In December, the US discovered a massive breach that affected networks and devices belonging to US government agencies. Given the breadth and depth of this attack, current and former officials advocate for cyber security reforms and a new approach that assumes hackers have already burrowed into computer systems.
“We’ve got to run a new play, run a new defense, because they’re getting through to the end zone too many times here,” says John Sherman, acting chief information officer for the Defense Department.
In an analysis of the December breach, the Cybersecurity and Infrastructure Security Agency (CISA), the National Security Agency (NSA) and the Federal Bureau of Investigation (FBI) observed that the cyber intruders managed to gain unfettered access into systems. The bad actors arranged back doors into businesses and quietly created administrative accounts.
Rather than pursuing a more reactive approach to cyber security, Sherman suggests that organizations opt for a prevention-first strategy; one that includes zero trust models. With zero trust, organizations can configure systems to continuously verify the authenticity of an individual, a device or a program. The public sector and the private sector alike can benefit from this approach, says Sherman.

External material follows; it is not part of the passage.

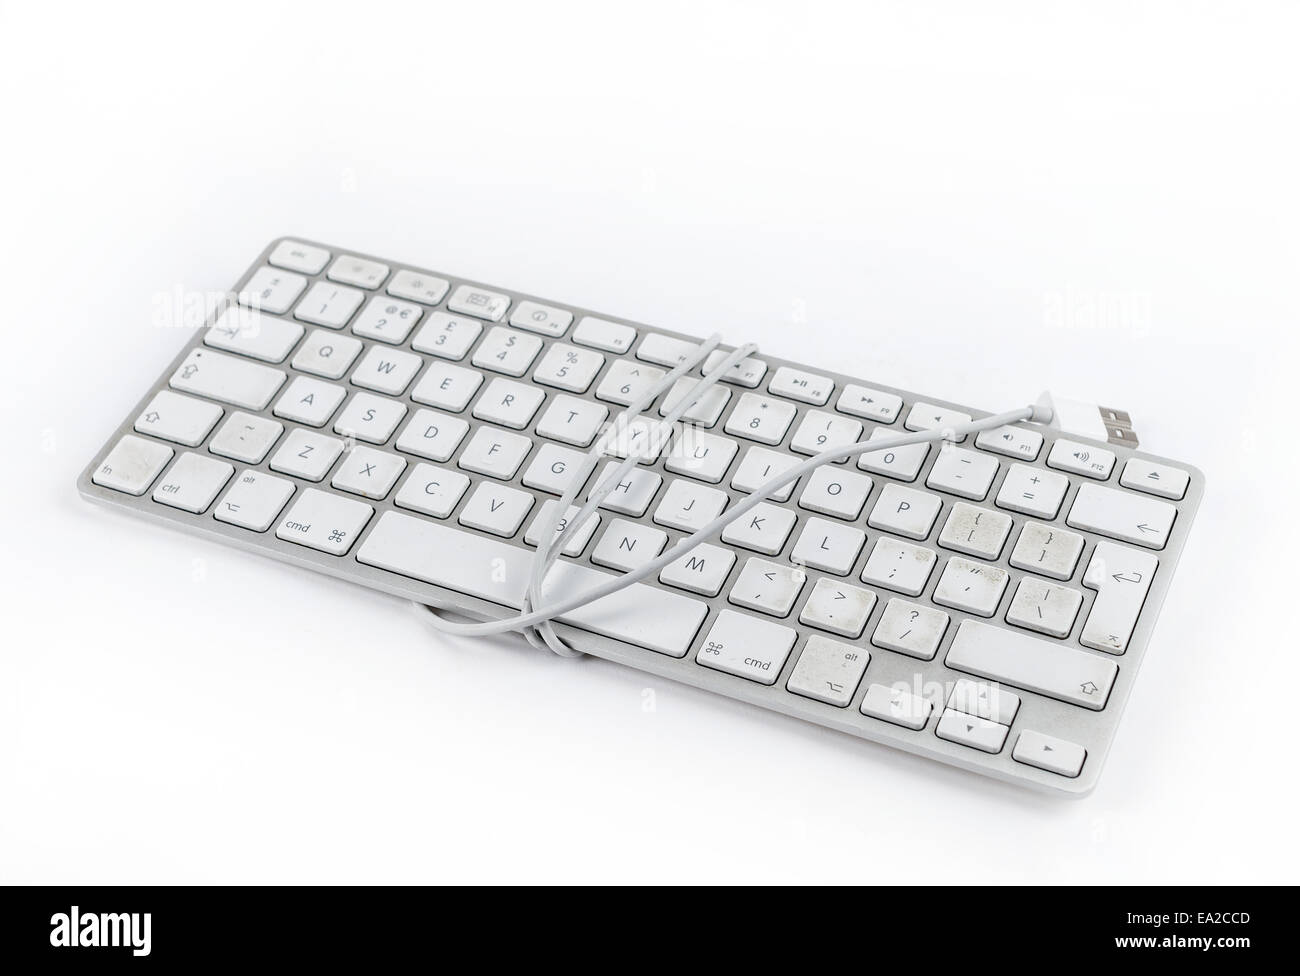 Qwerty keyboard imac Banque d'images détourées - Alamy

The notion of zero trust emerged in the early 2000’s. Nonetheless, misunderstandings regarding what it is and how it can protect systems has led to delayed adoption. In contrast with common assumptions, zero trust does not require disposing of firewalls. Rather, it functions as a layer of security on top of existing security protocols. It simply adds a layer of defense.
“No one who actually understands zero trust says abandon the perimeter,” states Sherman. “But the reality of it is that you need to understand your perimeter’s probably already compromised, especially when you’re in a remote space.”
The Pentagon and zero trust
According to Sherman, the US Pentagon is in the process of implementing zero trust policies and procedures. Nonetheless, Wanda Jones-Heath, Chief Information Security Officer in the Office of the Secretary of the Air Force noted that shifting into zero trust is not a speedy process. It requires time and research.
“Zero trust is not a technology, it’s not something you buy, it’s a strategy,” stated Carnegie Melon’s Director of the Computer Emergency Readiness Team, Gregory Touhill.
Federal CISO Chris DeRusha supports the use of a zero trust model. At the same time, enhanced threat intelligence is also a must, says DeRusha. Threat intelligence sharing needs to occur in a fast, transparent way across public and private organizations. This will enhance defenses.
In the wake of the SolarWinds breach, collaboration across government and industry groups reached its zenith. Via collaborative efforts, the FBI managed to identify 100 companies and nearly a dozen federal agencies that experienced a SolarWinds-related cyber intrusion. According to DeRusha, the public-private partnerships in this situation contributed to the speed of recovery. He advocates that such partnerships continue. “What I want to think about is how we bottle lightning here and we move forward in our public-private partnerships,” he stated.